To elaborate for our readers a little further; I have never had to go to Tribunal but members of our firm have and they are always impressed by the professionalism of the people who sit and make decisions. There is normally a least one chartered surveyor as I understand it and they have not only a very good grasp of landlord and tenant but also an understanding of the realities of the management world.

I cannot see why any lessee would go to Court over an issue such as the correct amount to pay for a licensing fee (or indeed whether a licensing fee was appropriate) as Court would invariably refer it to Tribunal and a direct application to Tribunal to hear the matter could be made by the lessee in the first place without incurring any costs, as I understand the way things work. I still think that many of the freeholders who try this one on would cave in long before Tribunal sat and gave their Opinion

Our readers may not realise that t his sort of complaint regarding licence to let fees or fees for allowing a lessee to fit replacement windows (another favourite of this type of freeholder) is different to the issue of reminders and administration fees in respect of late payment or non payment.

As far as that sort of fee is concerned you are asolutely correct that it does depend on individual cases and to a great extent on what the lease says. Since charges and administration fees in respect of unpaid service charges are normally referred to solicitors who obtain a Judgment it is the Court who decides what is reasonable and what is not and once Judgment has been obtained the managing agents then go to mortgagees who will usually advance the funds if the lessee is not in arrear or negative equity. If either of this situations exist then mortgagees sometimes repossess.

As far as issues outside of day to day management if fees are notified and agreed on, at the outset of management, such as fees for dealing with Section 20 processes, charges for attending additional meetings throughout a year, dealing with issues such as nuisance and many other things then they are part of the management contract and therefore not usually a problem.

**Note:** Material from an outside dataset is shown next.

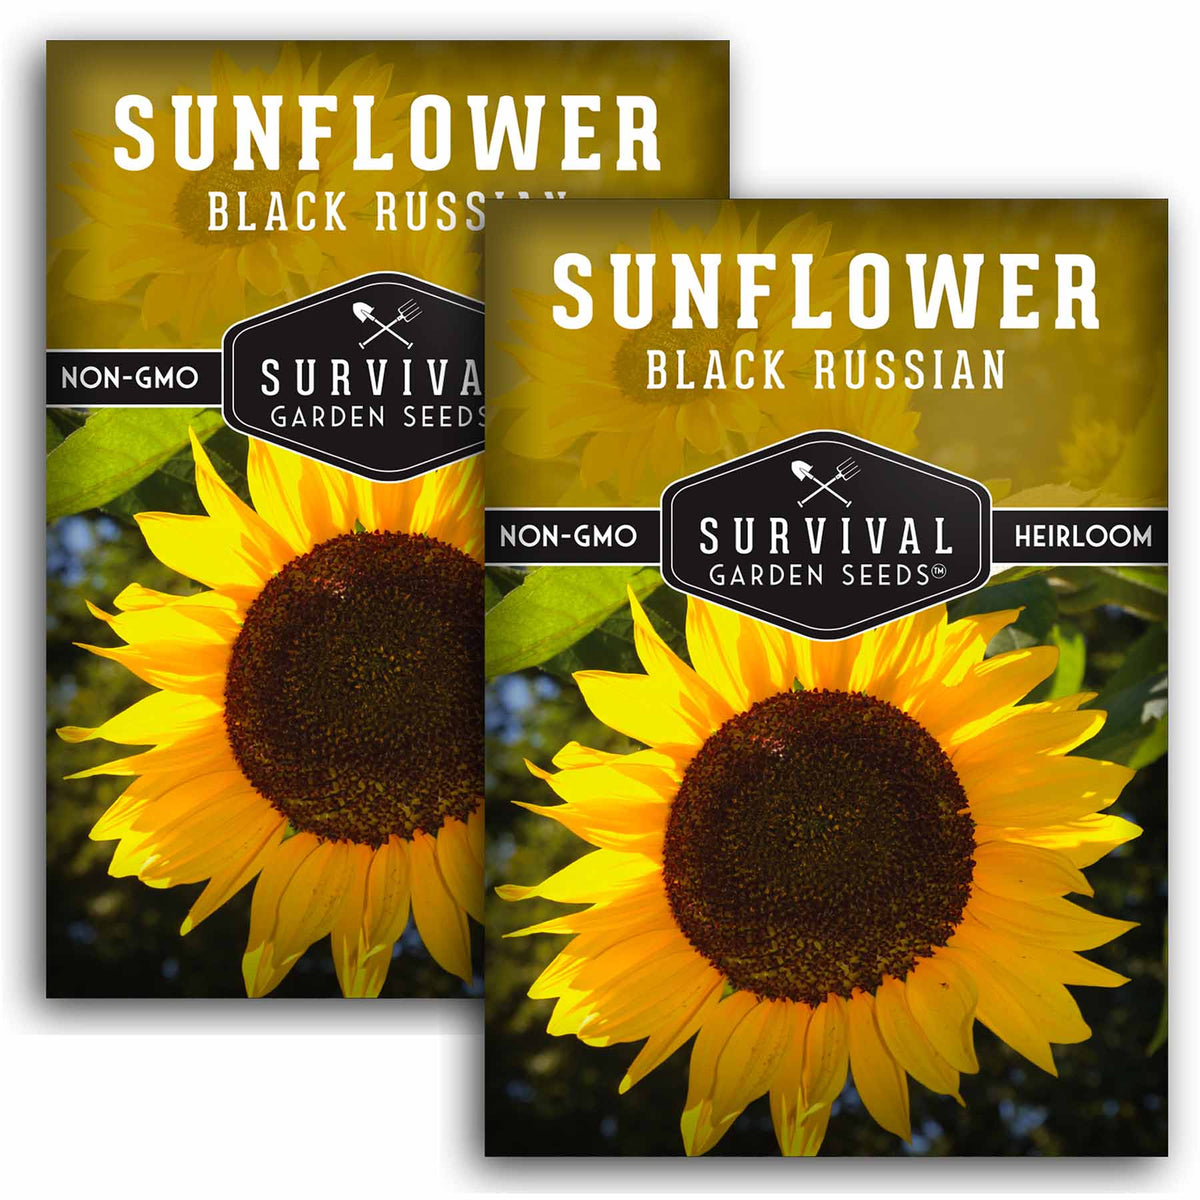 2 packets of Black Russian Sunflower seeds
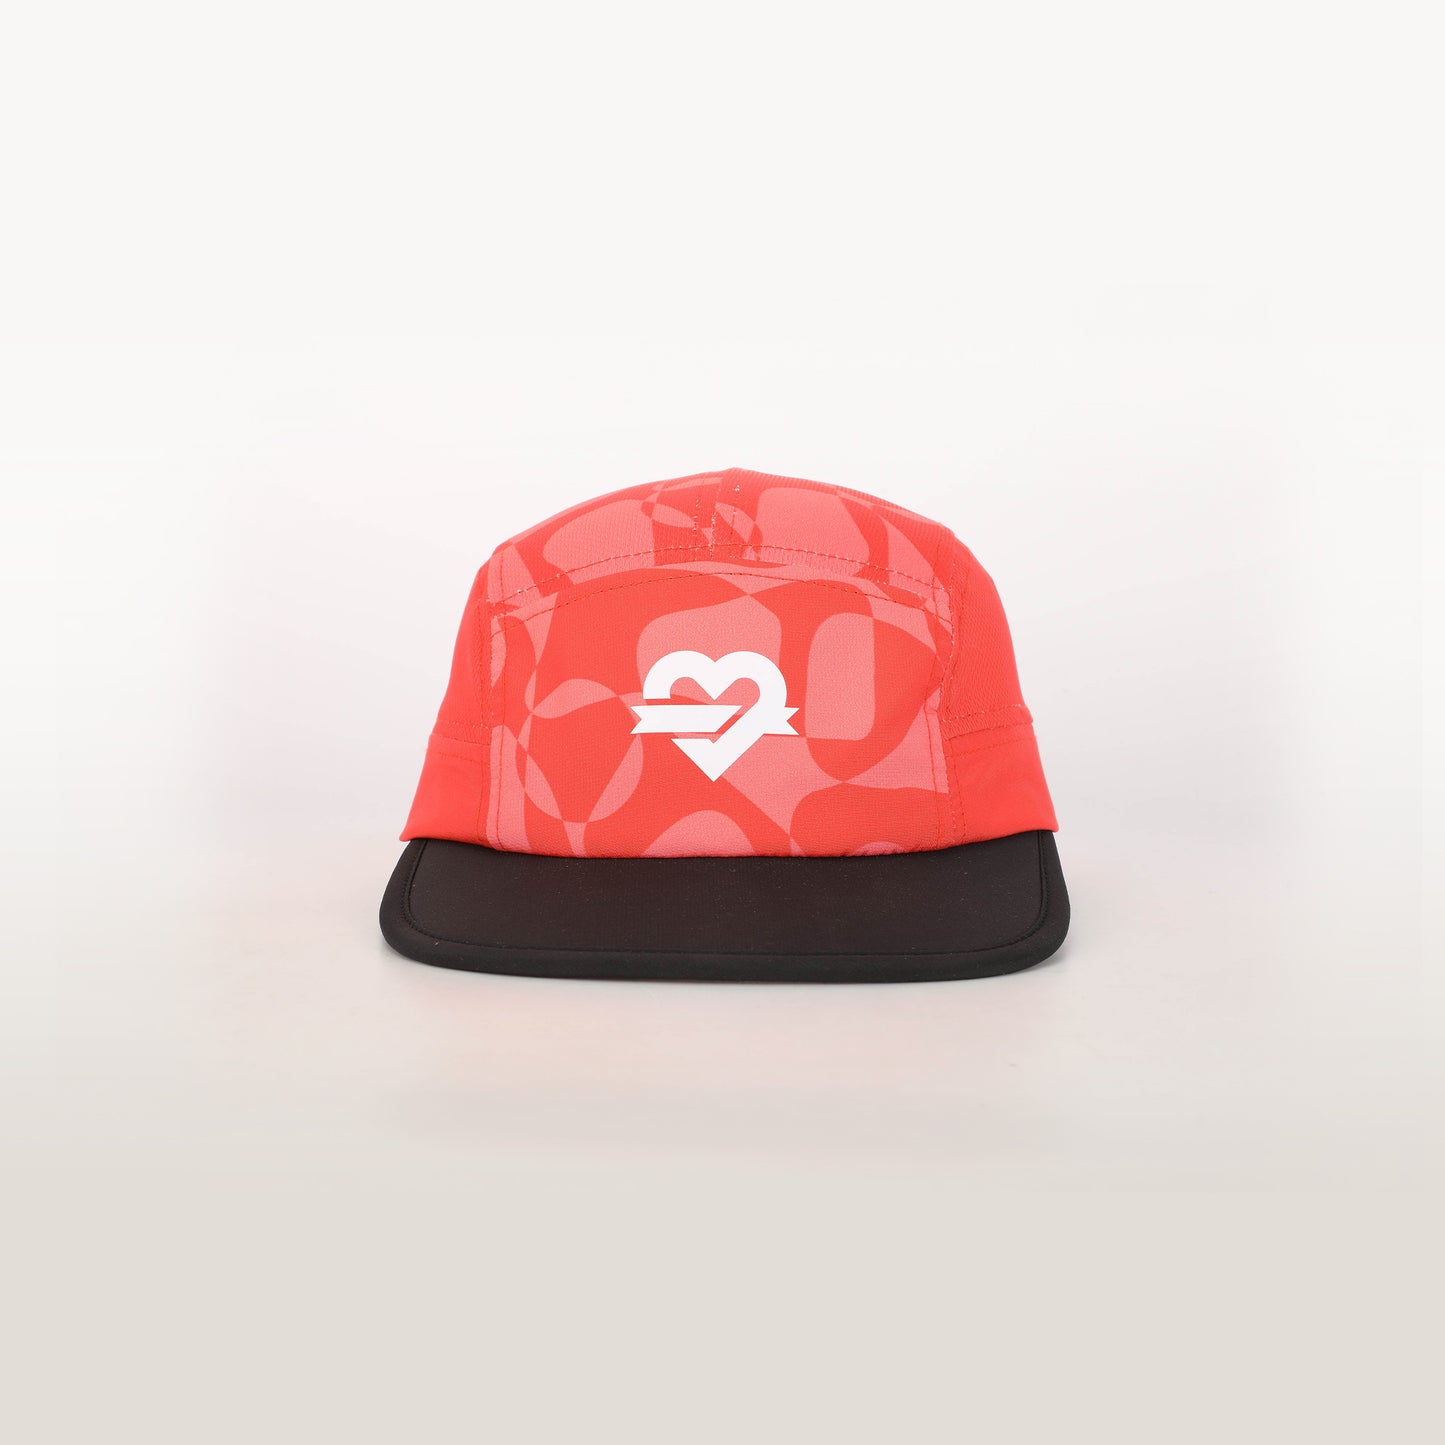 LFG Cap - Wear Your Heart

I hope this explanation is helpful for everyone. Enjoy the rest of your holiday.

by Reece 1

20:41 PM, 17th June 2014, About 8 years ago

Just had a letter from simarc demanding £120 plus a reasonable fee because of under letting my flat.
Not sure if I should pay, or is this a money making exercise by simarc?
They have also asked for the agreement with my letting agent and the tenants details can I pass this on?

by Ian Simpson

21:23 PM, 17th June 2014, About 8 years ago

Reply to the comment left by "Reece 1" at "17/06/2014 - 20:41":

I get these every year from SIMARC , who are really one and the same as GR Portfolios Ltd - an owner of thousands of freeholds up and down the UK ... Most people pay this fee and forget it. I do not. I consulted my solicitor two years ago about this very issue, and his advice was that a fee of £30 inc VAT would be more than sufficient for the "admin" involved - some photocopying, and entry of a name on to a spreadsheet - a job of three or four minutes. I have since then pointed this out to Simarc each year (stabndard letter , just change the date), sent a cheque for £30, and they banked it and didnt quibble, so they obviously realise this advice is sound!!

by Rob

10:08 AM, 18th June 2014, About 8 years ago

I get those as well from simarc, I've just offered them £50. Make sure they don't charge you every 12 months, they can only charge you when you change tenants not every 12 months

by Mark Alexander

10:23 AM, 18th June 2014, About 8 years ago

Reply to the comment left by "Rob " at "18/06/2014 - 10:08":

A very useful thread regarding this issue can be found here >>> http://www.property118.com/freehold-managers-unreasonable-fees-for-subletting-consent/61072/

It started with a Readers Question and you will see that I have responded with details of case law and a template letter to send to the management company "trying it on".

Hope this is useful.

by Rob

11:41 AM, 18th June 2014, About 8 years ago

Thanks mark, although if it states Im my leases that the fee payable can be no less than £50 plus vat then I'm guessing my offer would have to be at least this?